▸ **Task instructions**:
Your answer must be only the lines below from the one containing "5d4992467d3a4 Adidas Originals" through the one containing "Zentimo – U", copied exactly, with the pictures left out.

▸ **Input records**:
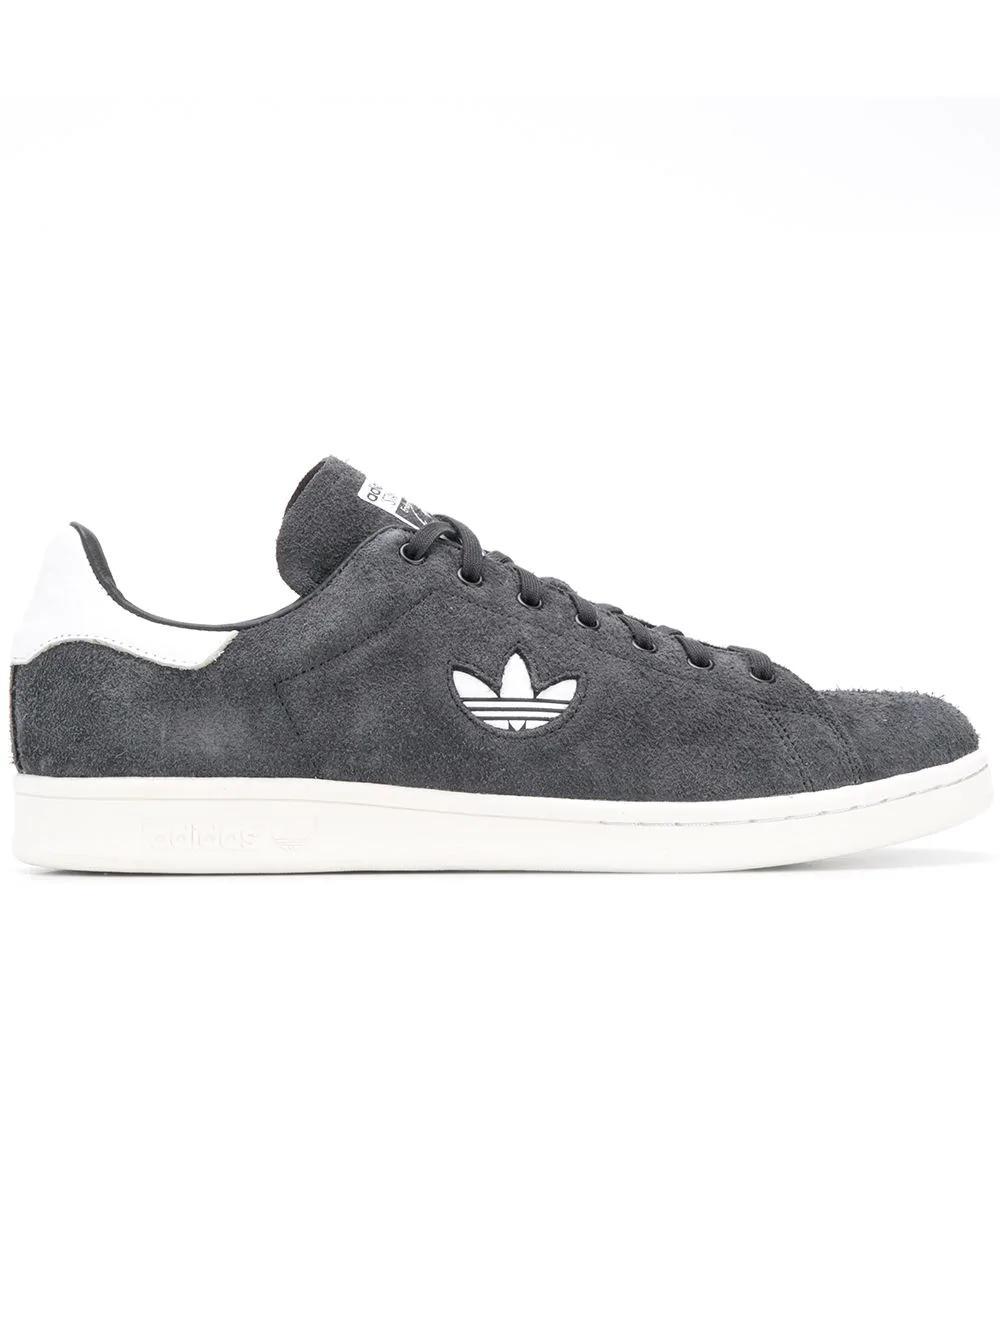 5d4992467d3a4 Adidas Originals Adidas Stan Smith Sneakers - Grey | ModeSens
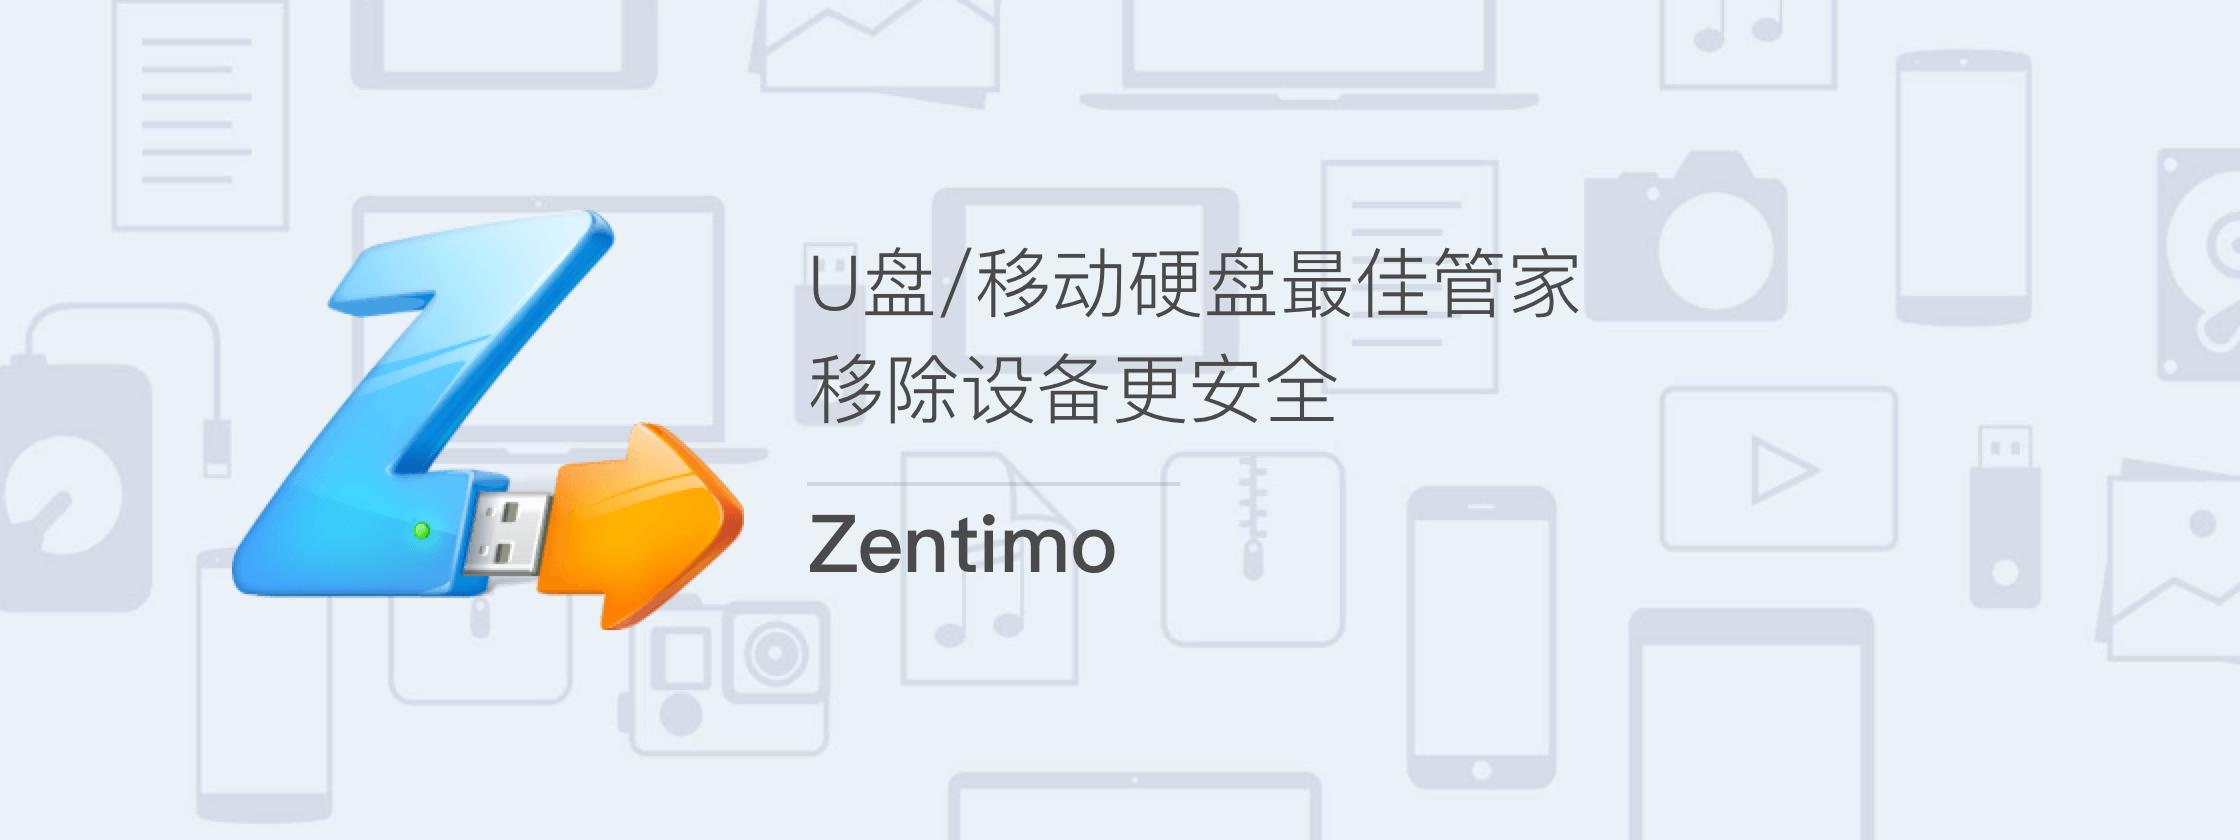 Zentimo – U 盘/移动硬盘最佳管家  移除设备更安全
---
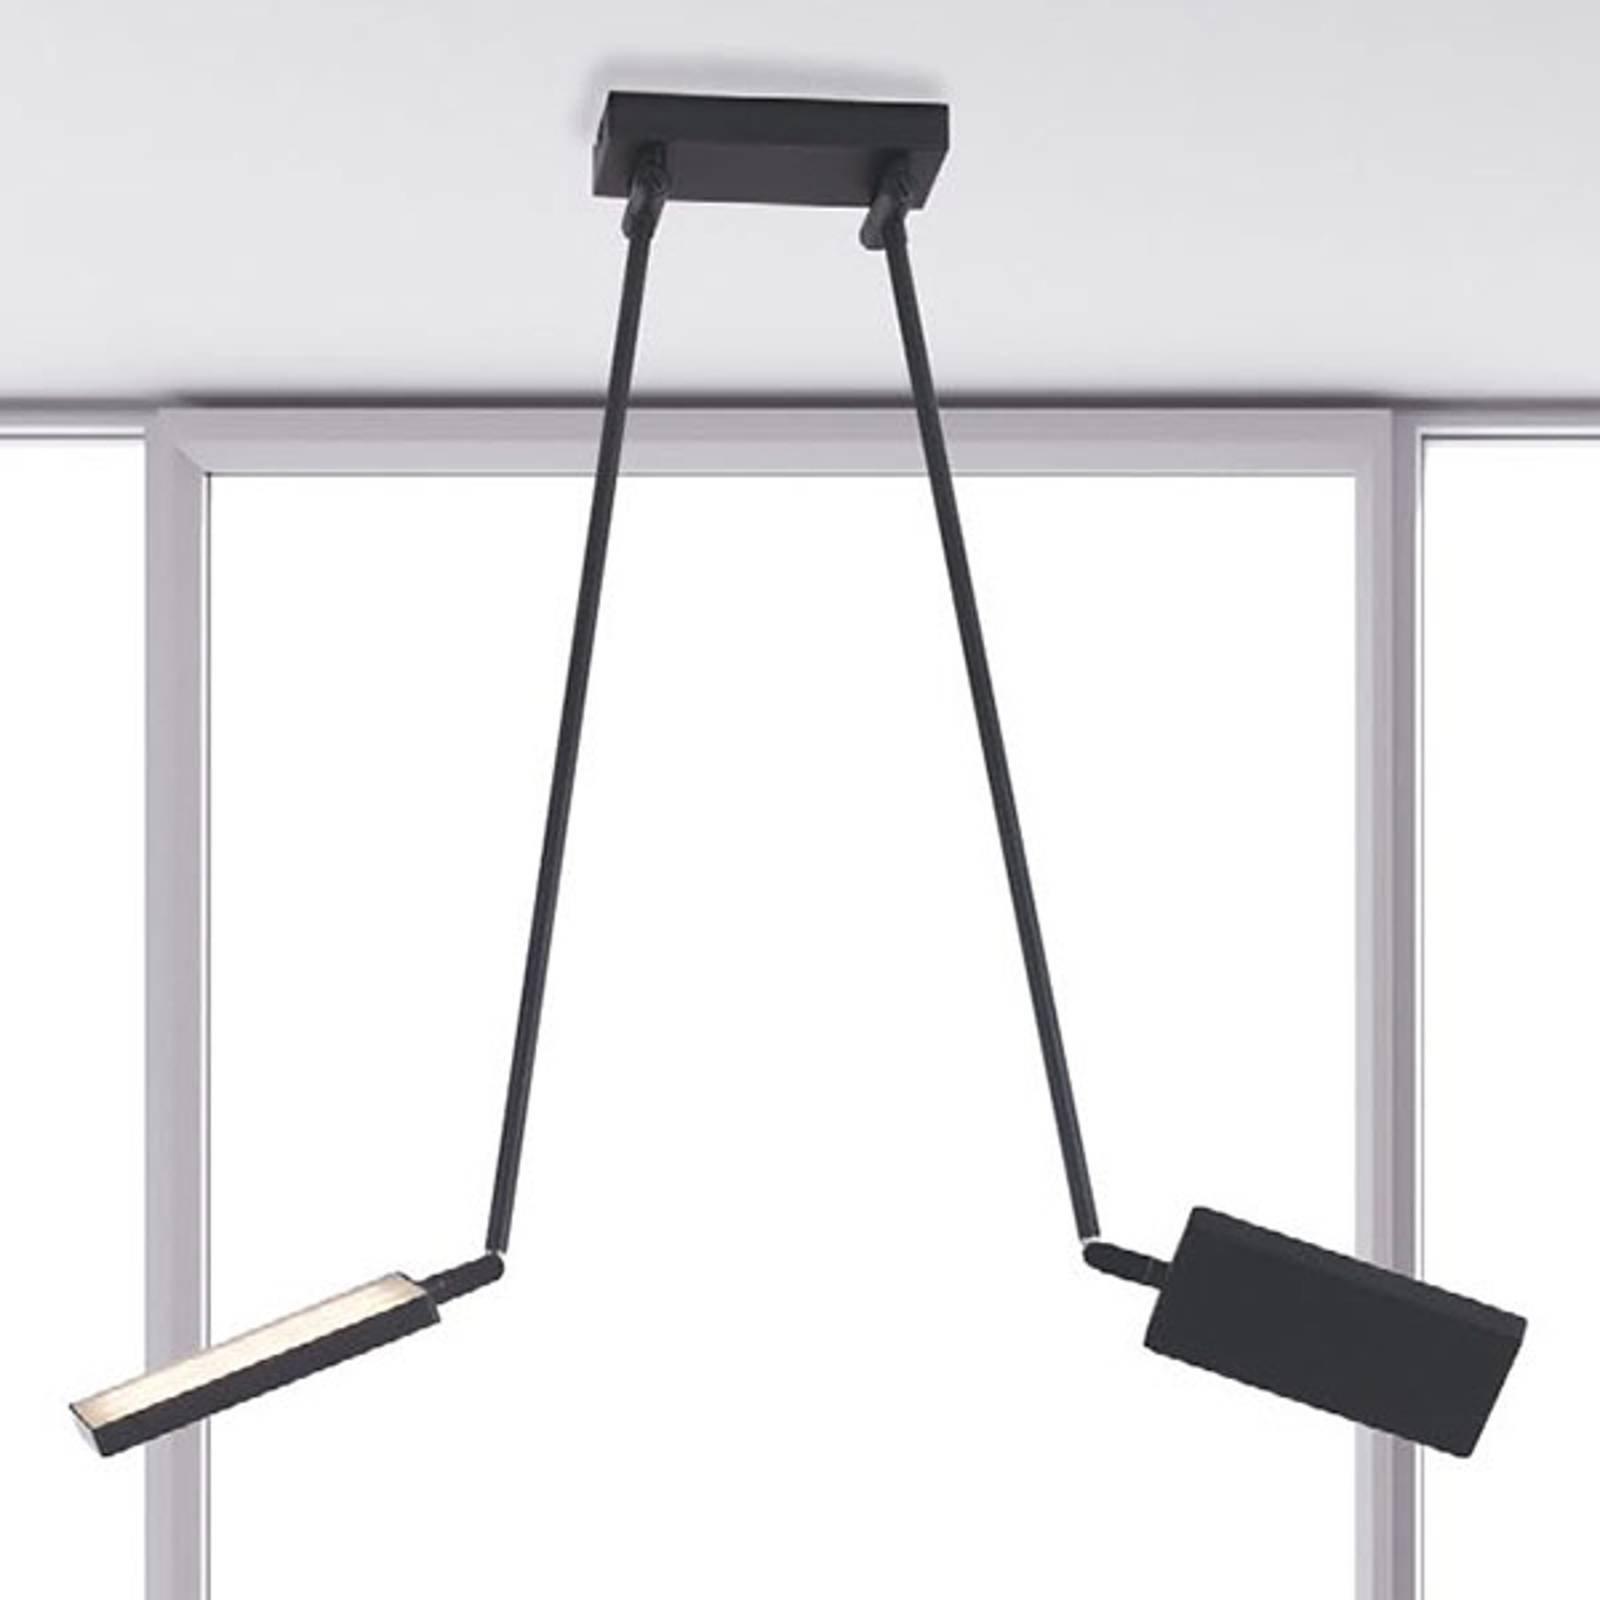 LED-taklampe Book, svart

▸ **Problem solution**:
 5d4992467d3a4 Adidas Originals Adidas Stan Smith Sneakers - Grey | ModeSens
 Zentimo – U 盘/移动硬盘最佳管家  移除设备更安全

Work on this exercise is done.